PALERMO – Sei anni dopo il rinvio a giudizio sono stati tutti assolti. Si tratta di sette imputati fra dirigenti, dipendenti comunali e imprenditori accusati a vario titolo di falso, omissione di atti di ufficio e disastro ambientale. Il processo riguardava il ritrovamento di rifiuti tossici – soprattutto amianto – nel terreno del parco Cassarà a Palermo. Un parco ormai chiuso da 10 anni.

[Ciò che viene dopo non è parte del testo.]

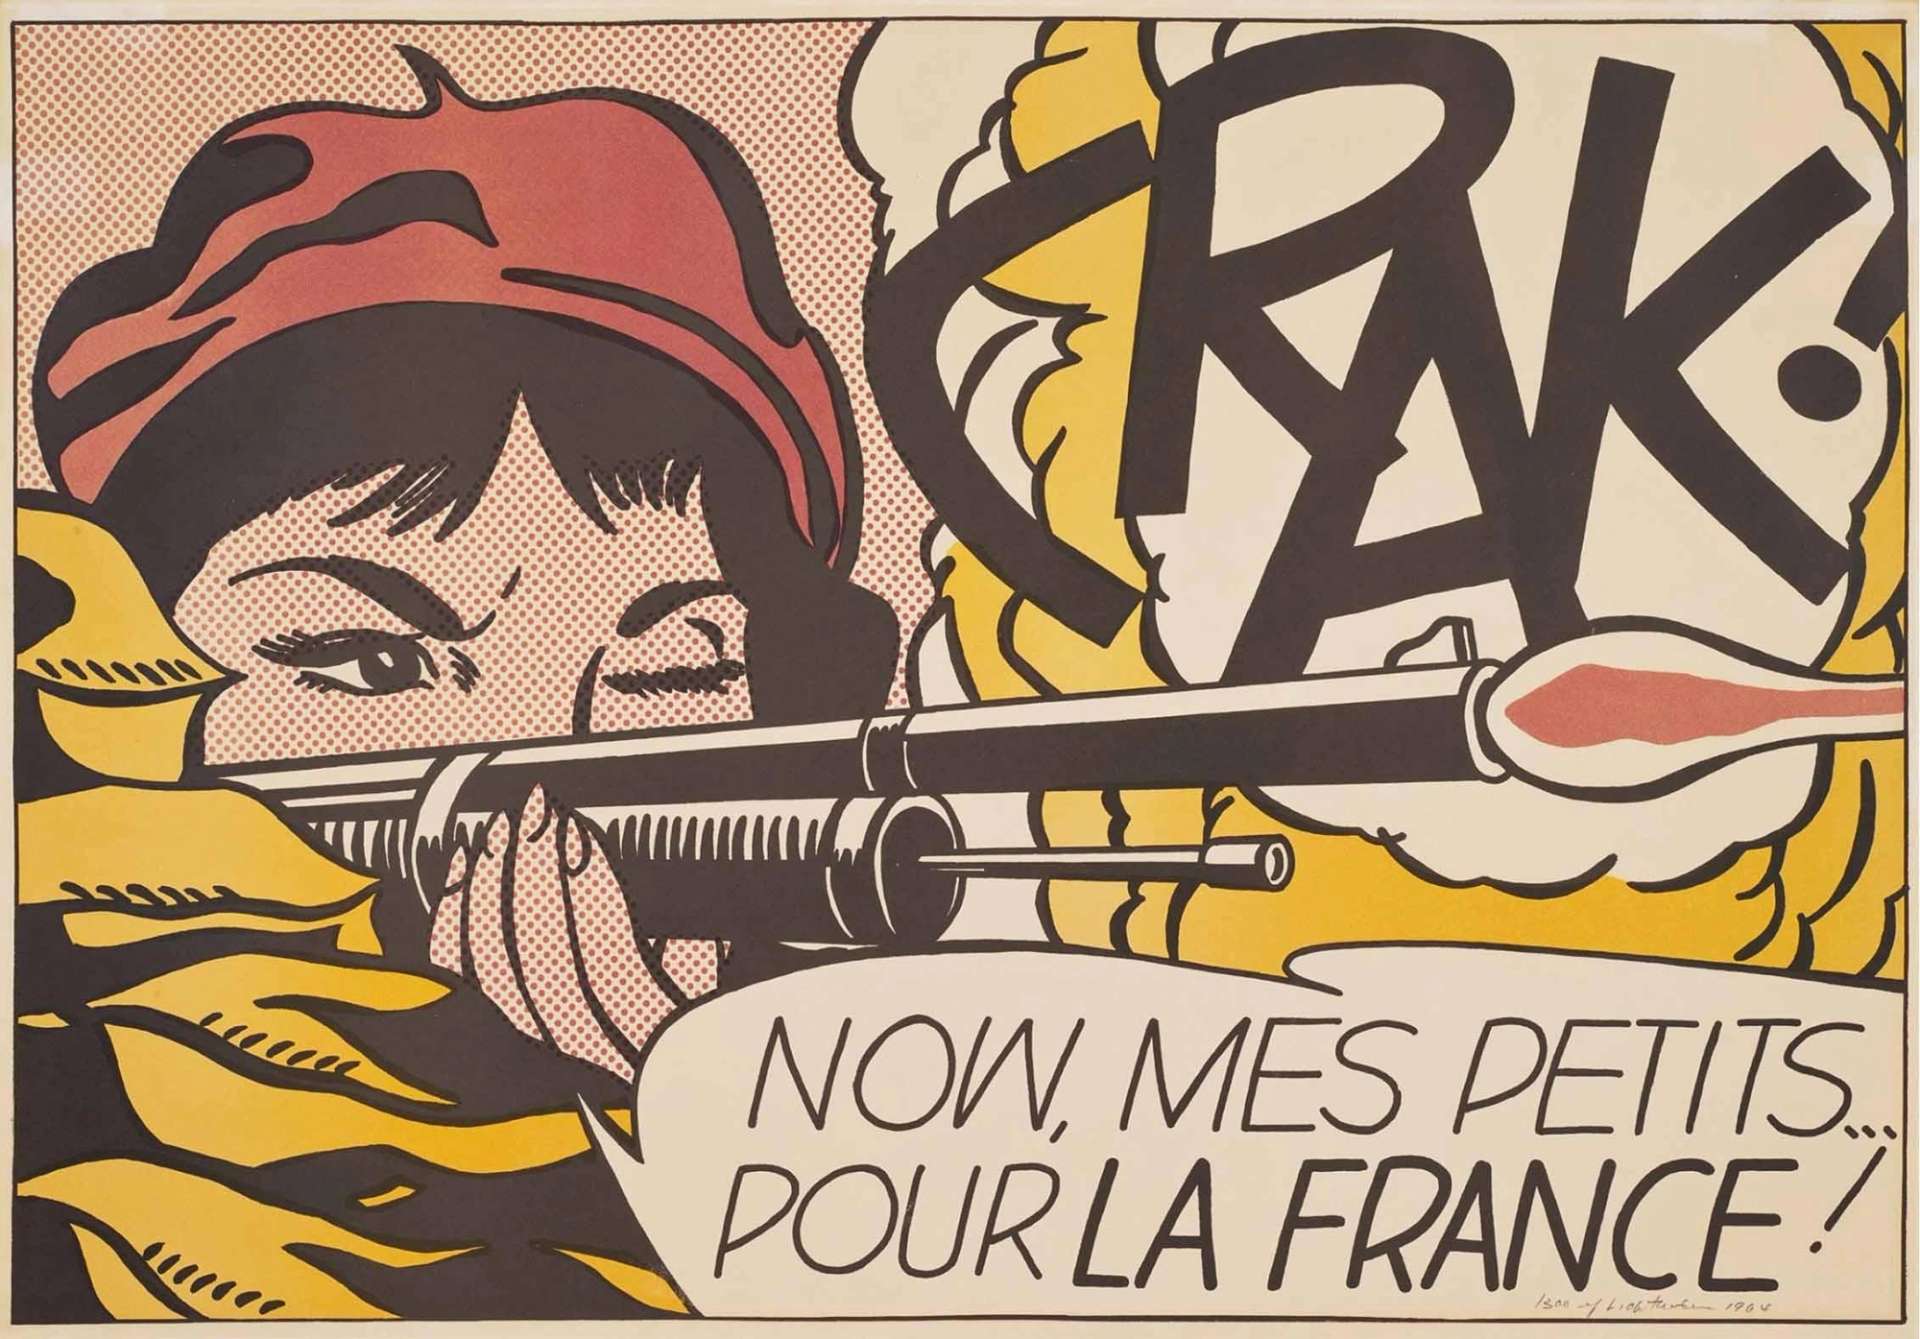 A lithograph by Roy Lichtenstein depicting a cartoon scene, with a woman holding a gun on the left side of the composition and the words CRAK in a speech bubble to the right.

Il giudice monocratico della terza sezione penale del Tribunale, Fabrizio Lo Forte, ha assolto Francesco Savarino e Luigi Trovato (direttori dei lavori, erano difesi dagli avvocati Ottaviano Pavone e Basilio Milio), Emanuele Caschetto (legale rappresentante del consorzio che aveva realizzato i lavori), l’imprenditore Gianfranco Caccamo, Giorgio Parrino, Michelangelo Morreale ed Eugenio Agnello (l’intera commissione di collaudo). Due anni fa erano stati assolti in abbreviato l’architetto del Comune Vincenzo Polizzi, e gli imprenditori Filippo e Francesco Chiazzese.

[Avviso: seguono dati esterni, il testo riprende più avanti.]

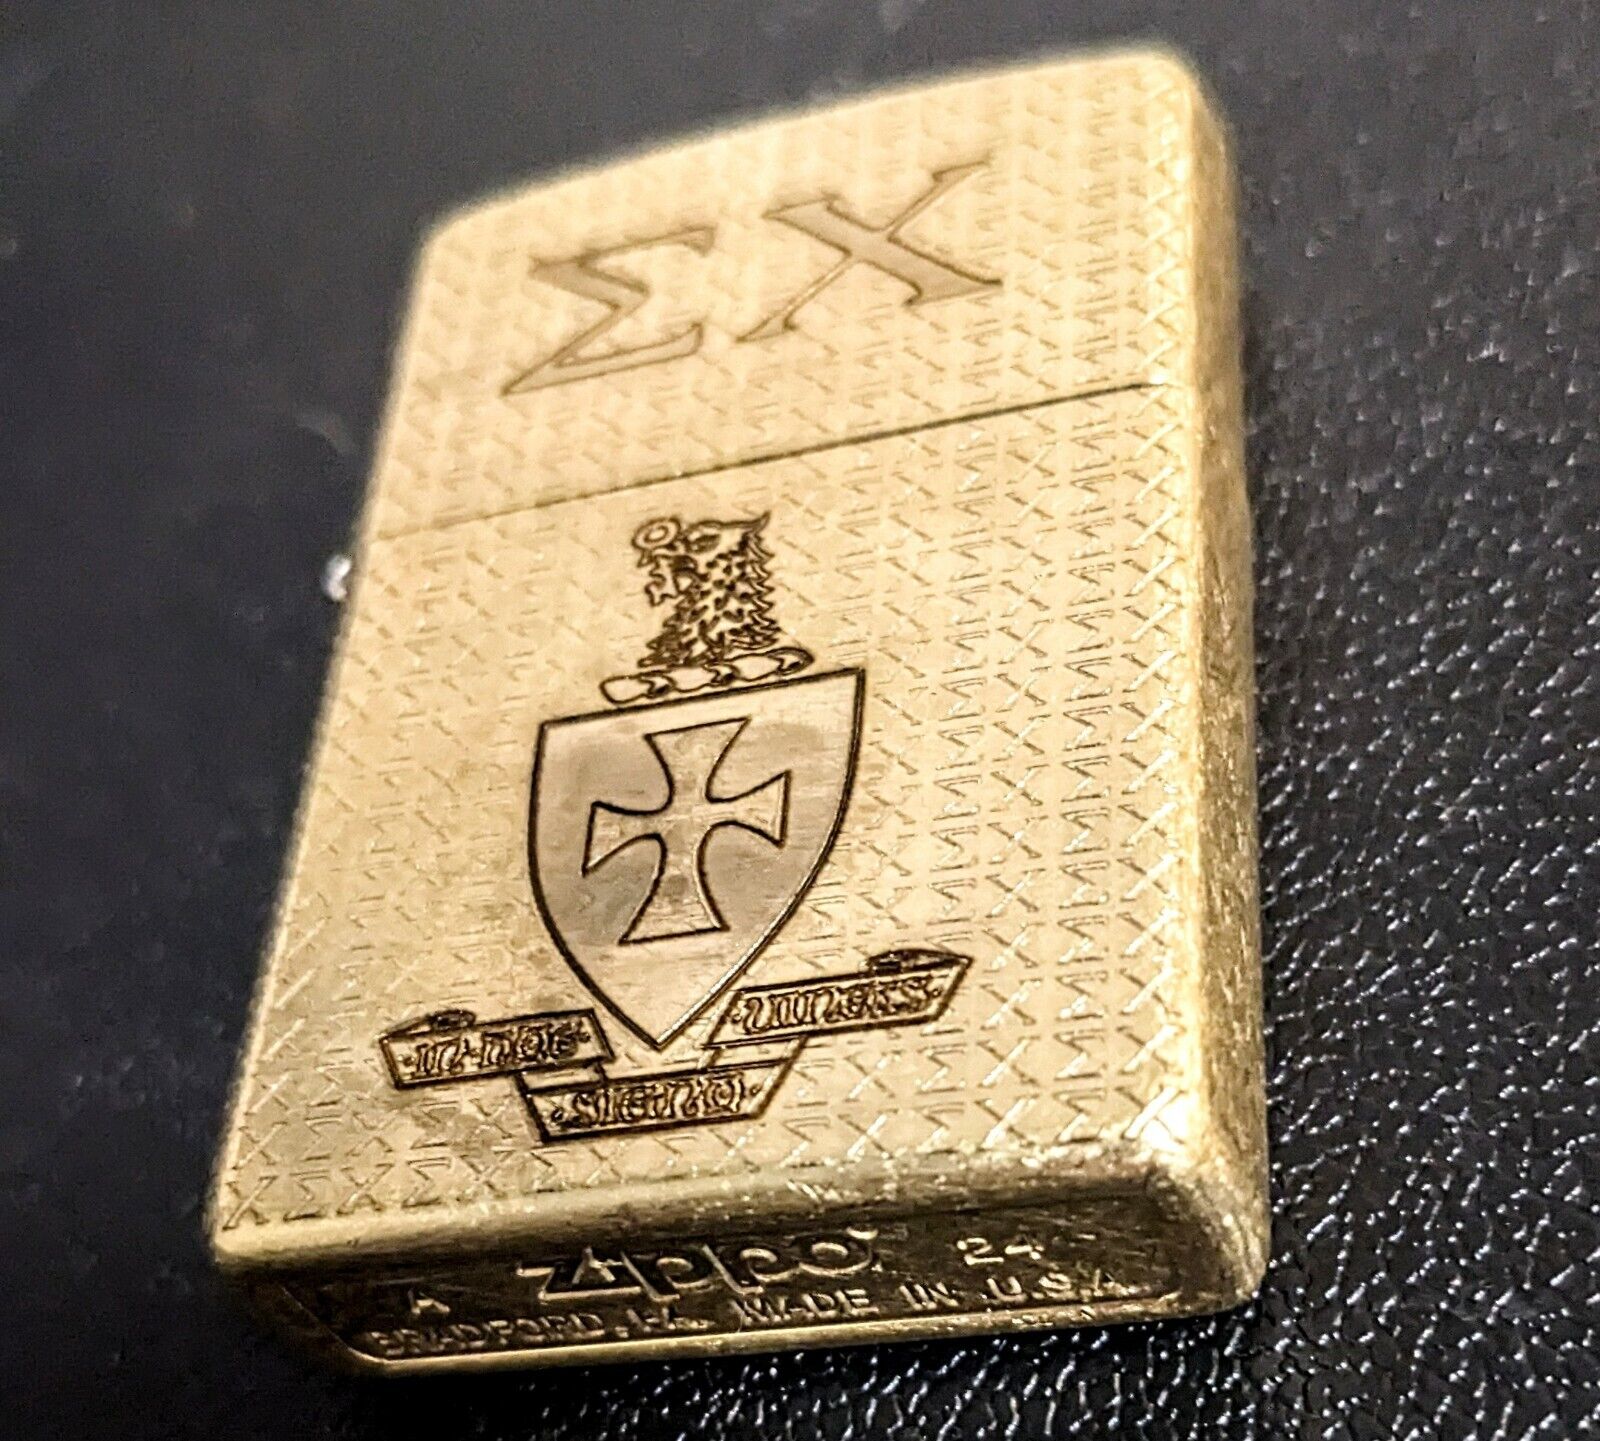 Signs Chi All Brass Zippo Fraternity Classy Gold Tone And Brass.

Da anni si parla di riapertura, che resta lontana. L’amministrazione Lagalla ha aggiudicato la gara per analizzare le condizioni del sottosuolo (tecnicamente si chiama caratterizzazione). Il parco intitolato al capo della squadra mobile Ninni Cassarà ucciso dalla mafia è rimasto aperto appena due anni. Poi il ritrovamento dell’amianto, il sequestro e i tempi biblici della burocrazia costretta a fare i conti con le casse vuote. I familiari di Cassarà, alcuni mesi fa, hanno chiesto di togliere la targa con il nome del parente vittima dell’orrore mafioso. Un’iniziativa forte di fronte all’immobilismo (o quasi).